The results of the calculations are illustrated in Tables 5 and 6. The calculated values of reorganization energy do not differ significantly from the results obtained earlier for acenes having a similar aromatic skeleton structure [7, 11, 25, 27].

Table 5. Reorganization energy, transfer integral values and charge transfer rate for the naphthalene derivatives for the class 1 obtained with DFT calculations on the B3LYP/6-311++G(d,p) level of theory.

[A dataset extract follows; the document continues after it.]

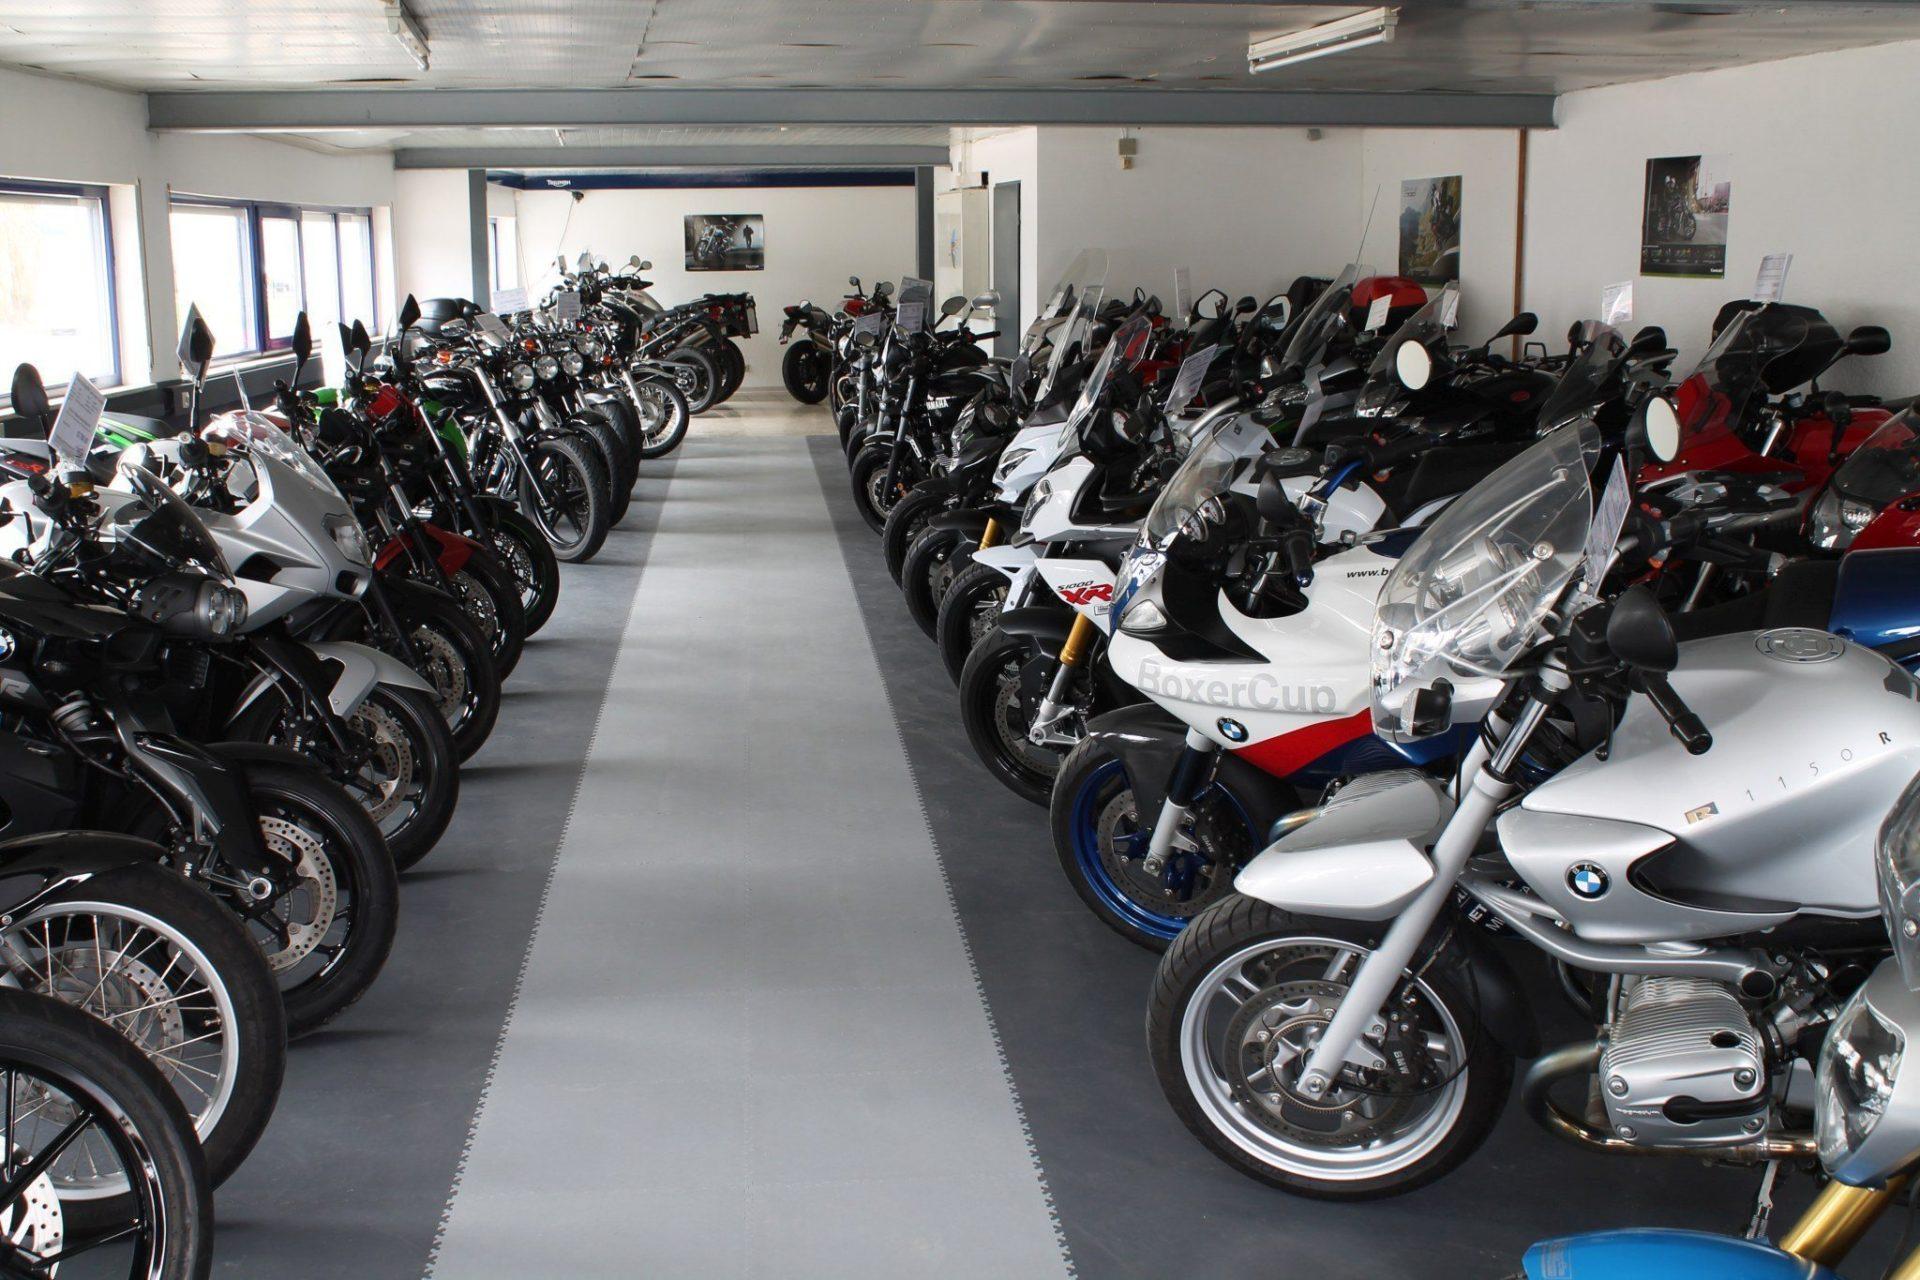 industrieboden-gewerbeboden-kfz-werkstatt-reifenservice-jp-mechanic-pvc-fliese-platte-garagen-autohändler-showroom-motorradshops

	Reorganization energy for hole transport, Er	Charge transfer integral, Jij	Charge transfer rate, Kij+
Derivative	(eV)	(eV)	(Hz)
1,5-Nol	(0.31 ± 0.08)	(0.67 ± 0.34)	(6.9 ± 5.2) ×·10^14
1,7-Nol	(0.17 ± 0.04)	(0.45 ± 0.21)	(1.5 ± 1.1) ×·10^15
2,6-Nol	(0.40 ± 0.10)	(0.51 ± 0.26)	(1.8 ± 1.4) ×·10^14
2,7-Nol	(0.29 ± 0.07)	(0.18 ± 0.09)	(5.4 ± 4.1) ×·10^13

Table 6. Reorganization energy, transfer integral values and charge transfer rate for the naphthalene derivatives for the class 2 obtained with DFT calculations on the B3LYP/6-311++G(d,p) level of theory.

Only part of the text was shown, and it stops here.